Она подносит сигарету ко рту свободной рукой, но затем отводит руку.

– Вам не очень-то нравится, что я курю, правда? – спрашивает она.

Я отвечаю тем вымученным жестом, к которому часто прибегают некурящие, когда им задают подобные вопросы, и который курильщики истолковывают как «ничего страшного», хотя его скрытое значение – «не выношу табак».

– Я знаю, вы терпеть этого не можете. Вот и Тони тоже. Наверное, поэтому я и курю – ему назло. Сейчас, я загашу сигарету. – Она оглядывается вокруг. – Черт, нет пепельницы! Тони не держит в спальне пепельницу.

Она делает резкое движение по направлению к туалетному столику. На какое-то мгновение в моей голове вспыхивает безумная мысль, что сейчас она затушит окурок о картину. Я судорожно бросаюсь ей вслед и с глухим стоном выбрасываю вперед руку, чтобы ее задержать. Однако в руке у меня все еще зажат стакан с джином, который приходит в соприкосновение с ее локтем. Она изумленно смотрит сначала на серебристую жидкость, которая выплескивается на нее из стакана, – будто вылетела летучая рыбка, – а затем на меня, ничего не понимая.

– Bay! – наконец выдыхает Лора и смеется. Она удивлена и довольна моей неловкой готовностью к приключениям. Она ставит стакан на столик и тушит сигарету в блюдце, полном запонок для воротничков и манжет.

– Простите, – бормочу я, – я думал…

Но она касается указательным пальцем моих губ.

– Хватит на сегодня размышлений, – говорит она.

Тут она делается серьезной. Убирает палец с моих губ, внимательно их рассматривает, затем становится на цыпочки и нежно меня целует.

Я ощущаю джин, сигаретный дым, и еще чего-то… невыносимо сладкого и мягкого. А каков на вкус я сам? Взамен я могу предложить ей вкус все того же джина, да еще страха… и, может быть, немного ответной сладости.

Я заглядываю ей в глаза, которые всего в дюйме от моих, и наши взгляды встречаются. Ради меня ей пришлось встать на цыпочки, и это трогает меня больше всего.

Она прерывает поцелуй и, сразу став немного ниже, обнимает меня. Я тоже обнимаю ее. Ничего лучшего я придумать не в состоянии. Она смотрит на меня очень серьезно и утыкается лицом мне в шею. Что позволяет мне снова увидеть картину. В кармане у меня рулетка, но вряд ли стоит пытаться извлечь ее в этих обстоятельствах и измерить доску за Лориной спиной. Тогда я решаю произвести системный осмотр картины, по очереди сосредотачивая внимание на каждой детали и проверяя, может ли она иметь религиозное или политическое значение.
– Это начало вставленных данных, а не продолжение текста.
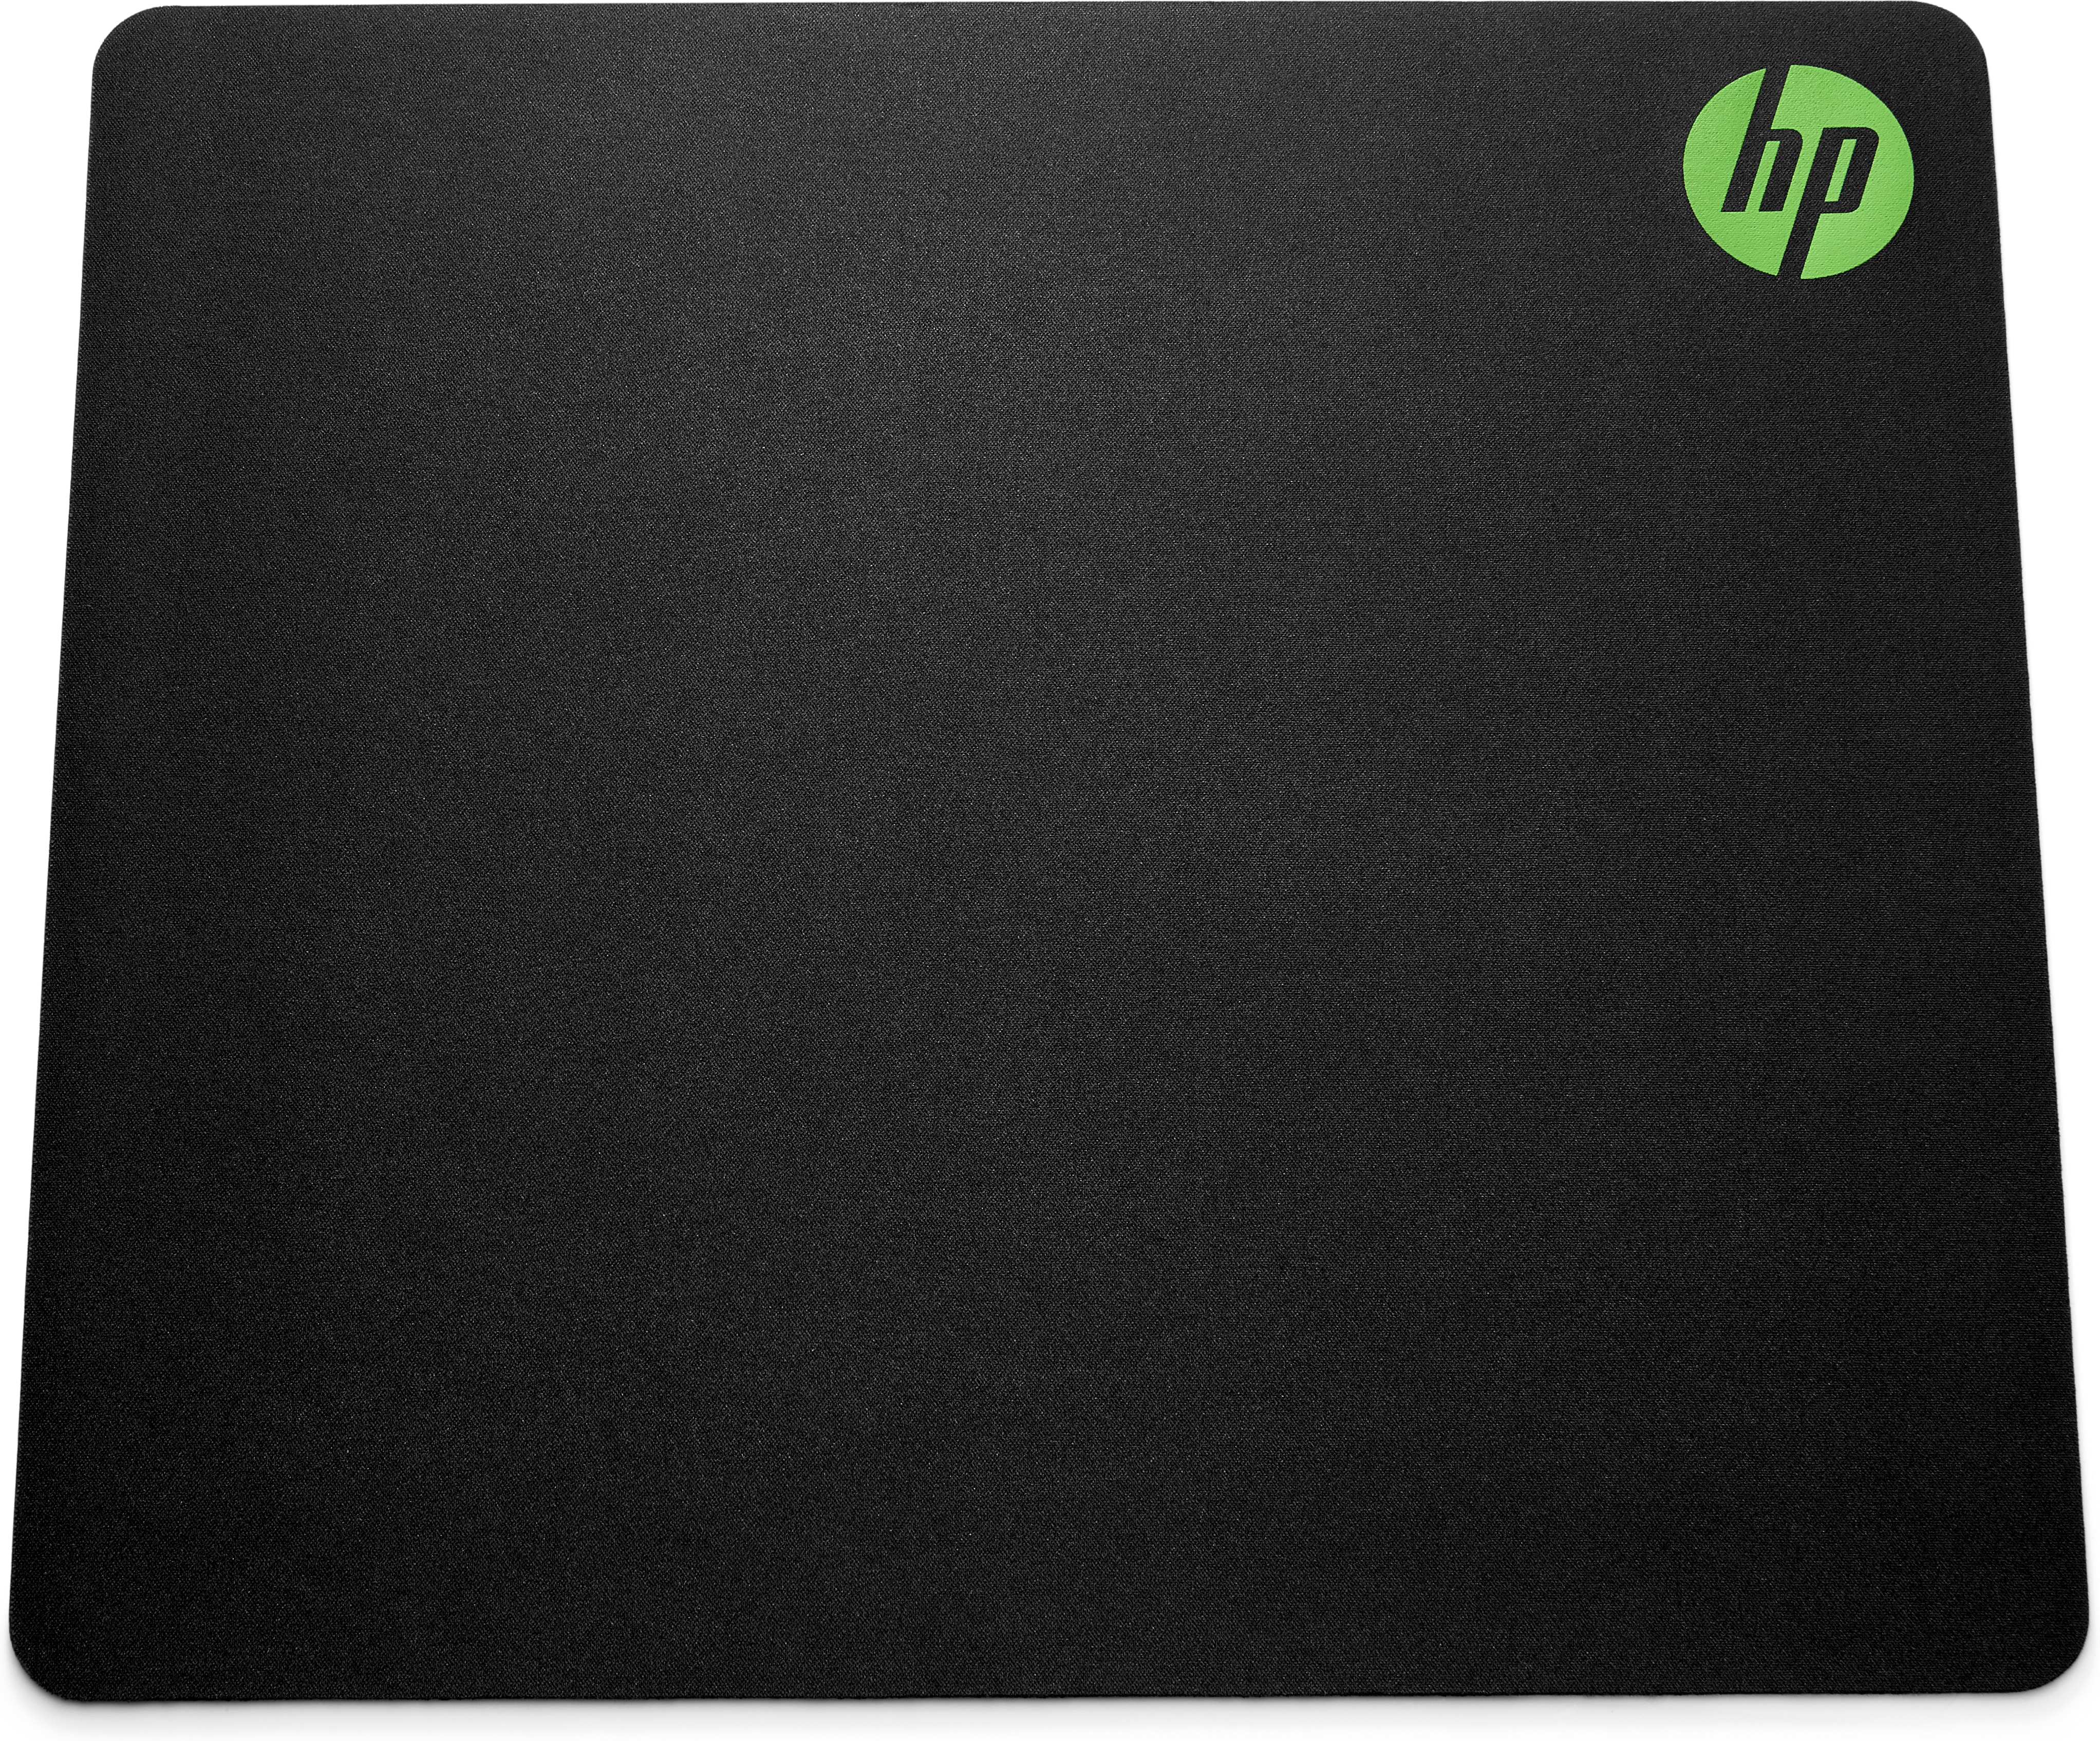 HP Pavilion 300 Black/Green Gaming Mousepad

Должен признать, что маленького пилигрима не видно, но зато я был прав в другом: на картине посреди весенней зелени действительно просматривается крошечное пятнышко мельничного пруда с отраженным в нем лазурным небом, а возле пруда стоит компания мужчин, один из которых демонстративно ныряет, хотя до сезона купания еще далеко… Теплая мягкость Лоры мешает мне сосредоточиться, и в результате разумное осмысление увиденного чрезвычайно затрудняется… А может быть, поднятая нога танцующего крестьянина символизирует бунтарский дух? Или эту смысловую нагрузку несут вытянутые трубочкой губы целующейся парочки? Я чувствую, как бьется мое сердце, чувствую ее сердце… Да, и в углу действительно заметно темное пятно.

– Я как чувствовала, что ты сегодня зайдешь, – говорит она. Ее голос отдается приятной вибрацией в моем горле.

Нога. Пятно. Ныряльщик…

Тут я понимаю, что она отняла лицо от моей шеи и улыбается.

– Или ты сначала хочешь рассмотреть пятно на картине? – спрашивает она все тем же насмешливым тоном, однако теперь я знаю, что она не желает меня обидеть.

– Конечно, нет. – А что мне остается отвечать?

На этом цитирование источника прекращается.